Wanted: Well-oiled merger machine

Mergers and acquisitions are back (after a downturn in 2001-2002), but most still fail to deliver value to the shareholder. To avoid pitfalls and better manage the process, many companies have begun to structure and formalize their integration practices, according to a study by The Conference Board. The key is to have a "well-oiled integration engine."

The problem for CIOs is that IT integration has historically been an afterthought. I suspect that's changing for the better, though only at companies that are "serial acquirers" and have set up the aforementioned well-oiled merger machine.

Some positive signs from the report:

There is general agreement that the earlier the integration program gets underway, the better the end results. At Stanley Works, there is a highly regimented procedure for tracking the 5-10 acquisitions the company usually has every year. Dashboards are used to track progress on a weekly, bi-weekly, or monthly timeline.

Home Depot's M&A group has an "e-room" that makes collaborative tools and templates available online to help pilot current integrations and prepare employees for future acquisitions.

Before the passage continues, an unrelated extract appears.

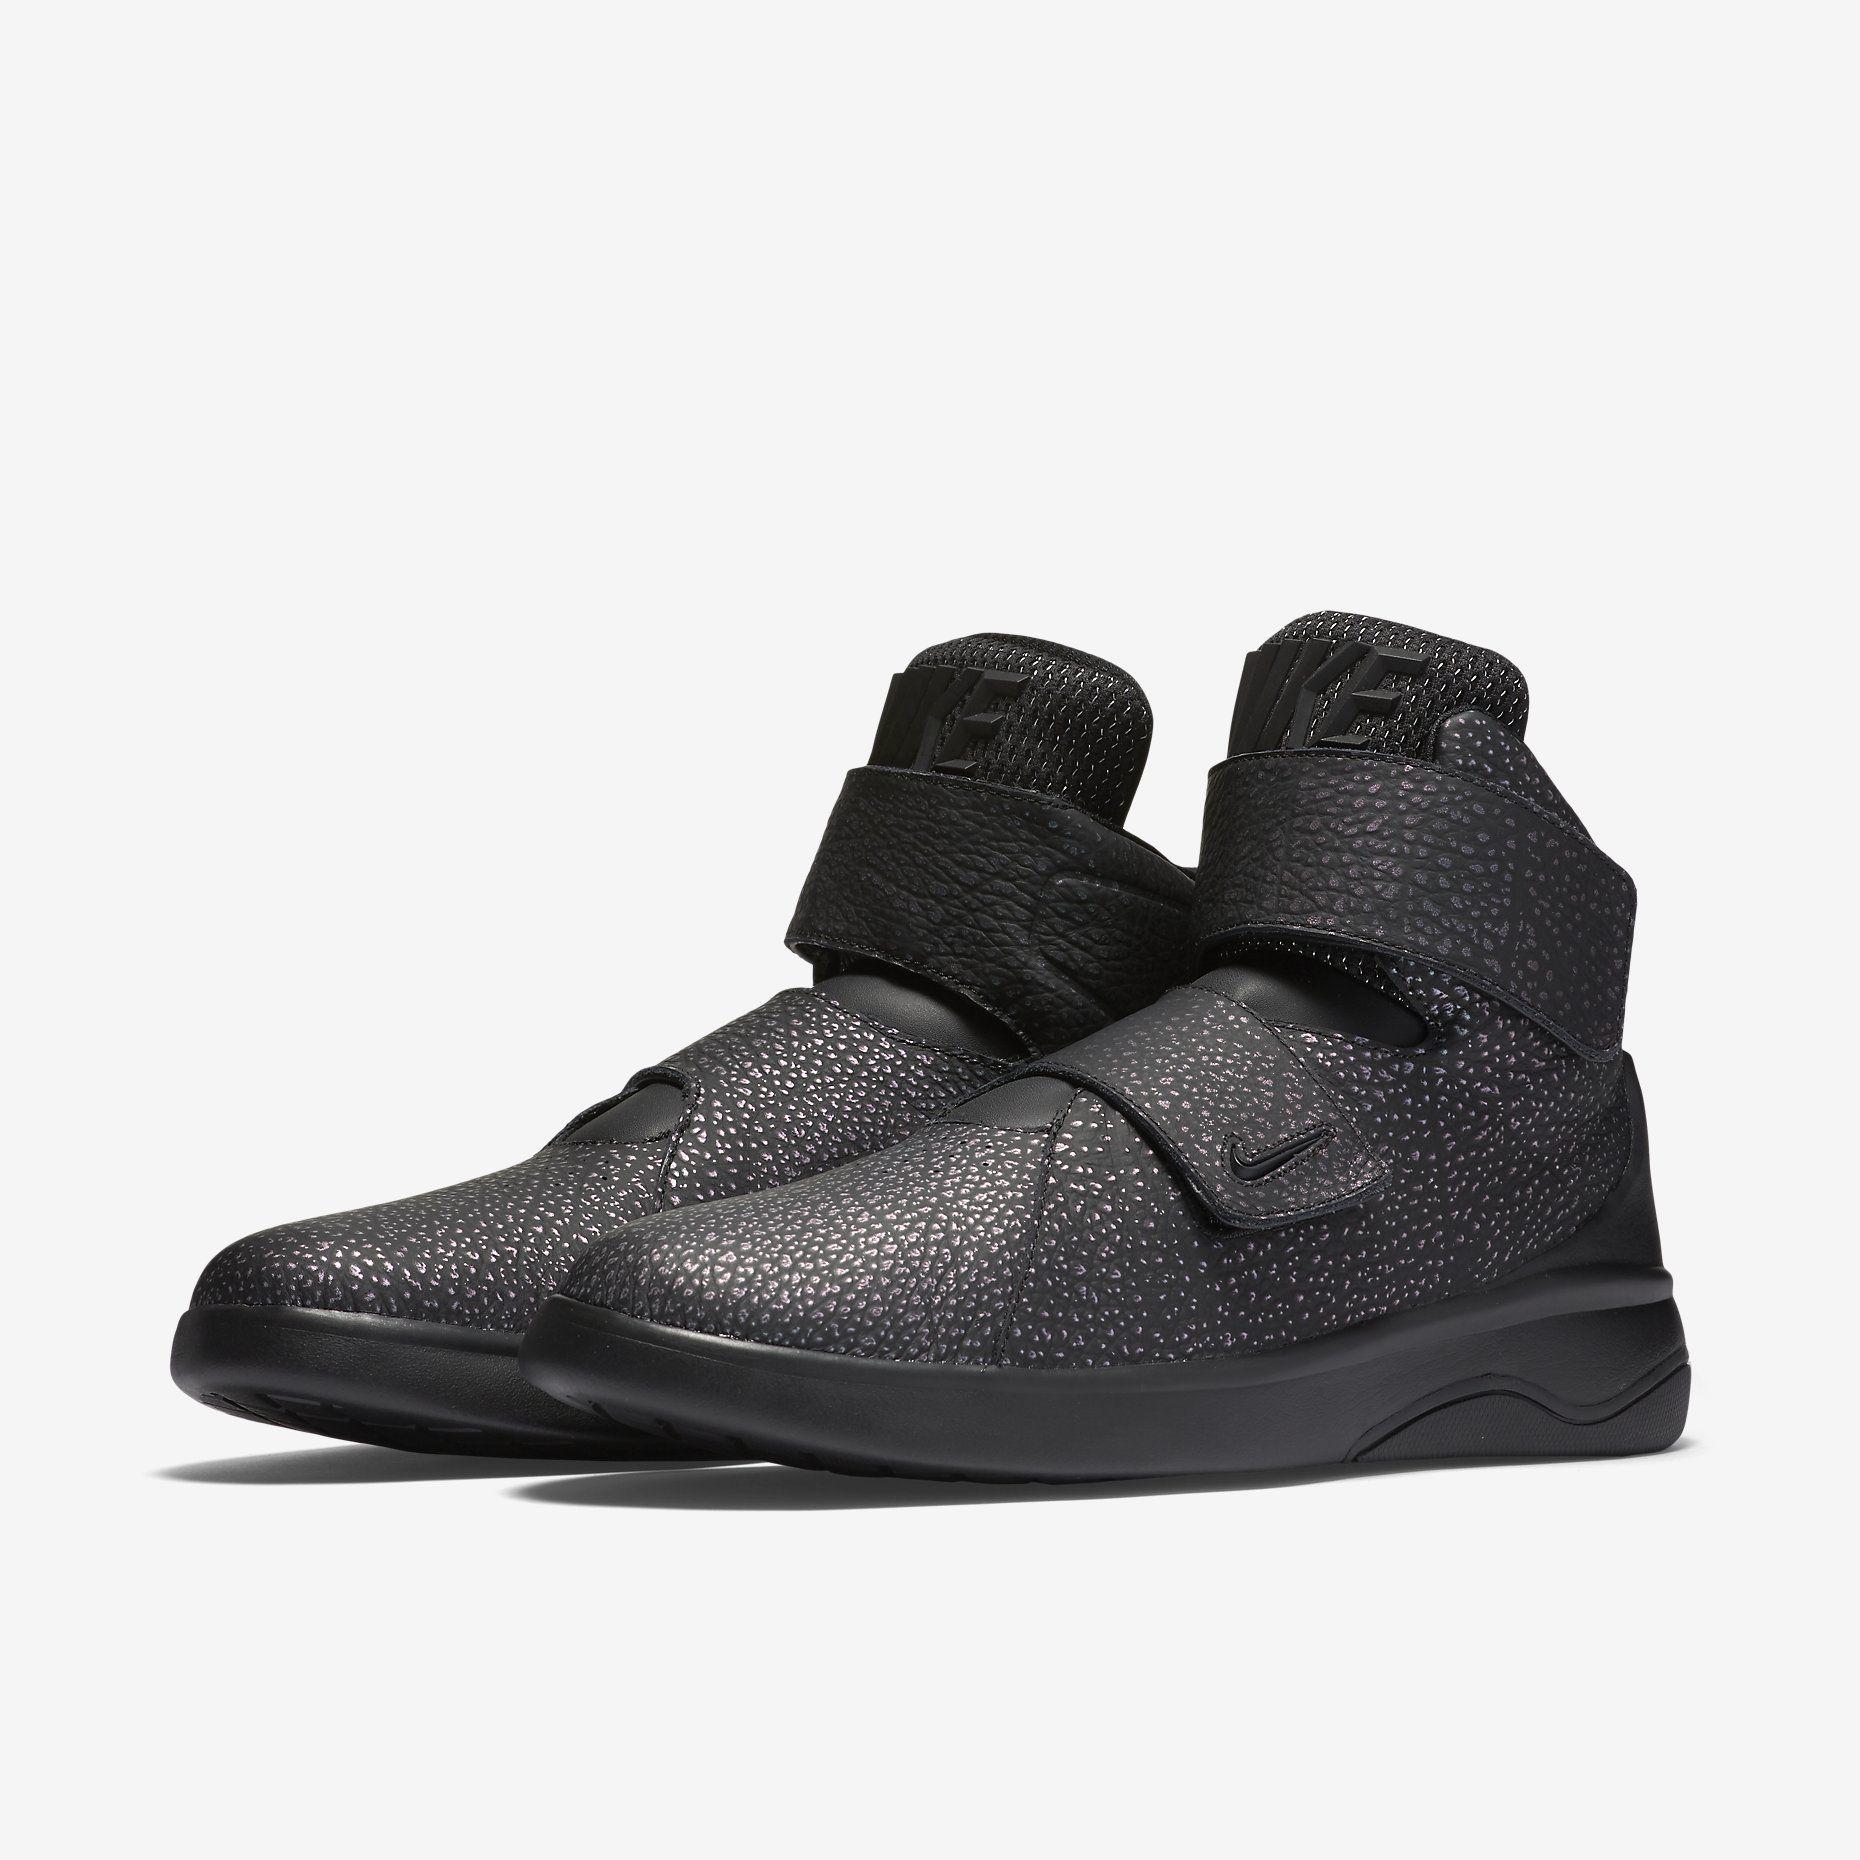 factory authentic e6419 f9c8a Nike Marxman premium QS Sneaker Release, New Trainers, Fashion Shoes, Mens  Fashion,
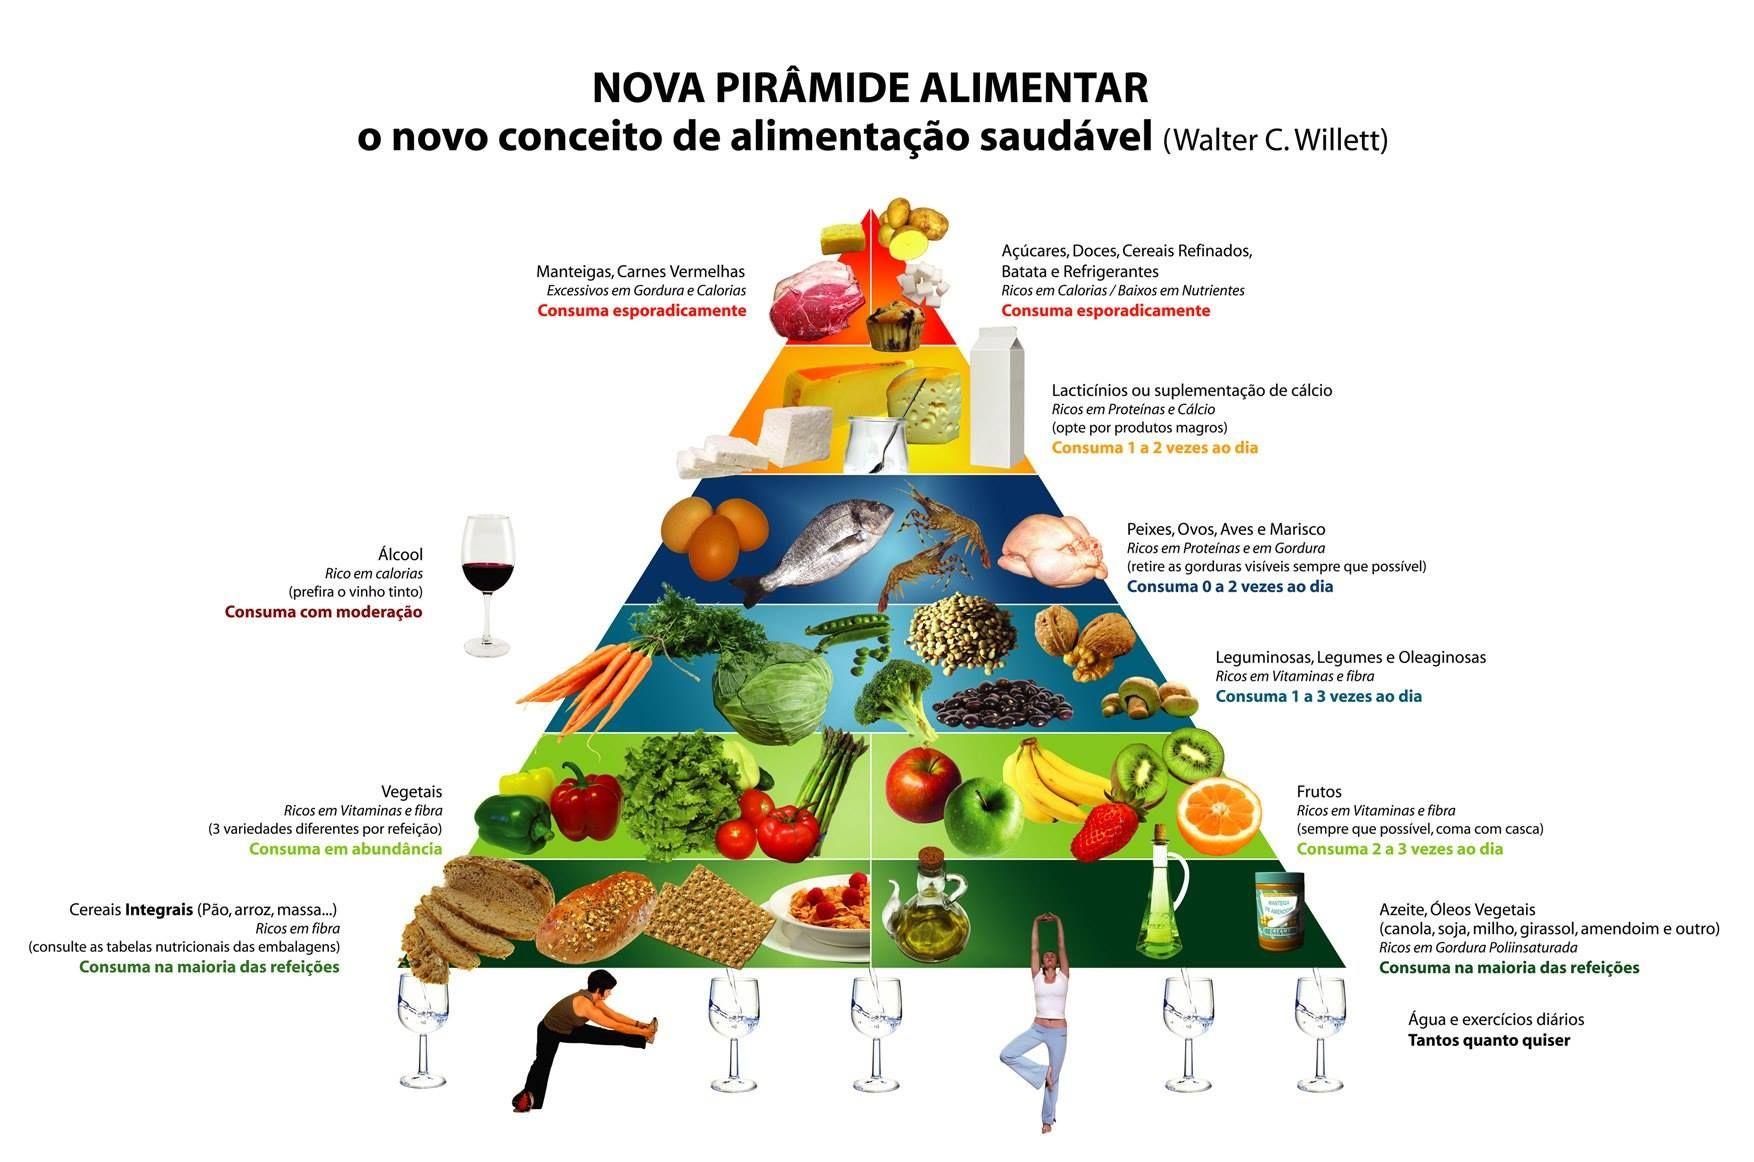 Alimentos saiba sobre a Nova Pirâmide Alimentar

Two of the report's recommendations:

Access the expertise of integration professionals during the deal negotiation and due diligence phases. Getting an early start on integration planning not only eases the hand-off from the deal team to the integration team, it enables integration professionals to lead the due diligence process, thereby challenging some of the valuation assumptions of the deal team.

Give higher priority to the greatest challenges. Integrating corporate cultures, merging IT systems, and building solid management teams continue to be the most significant roadblocks to successful mergers.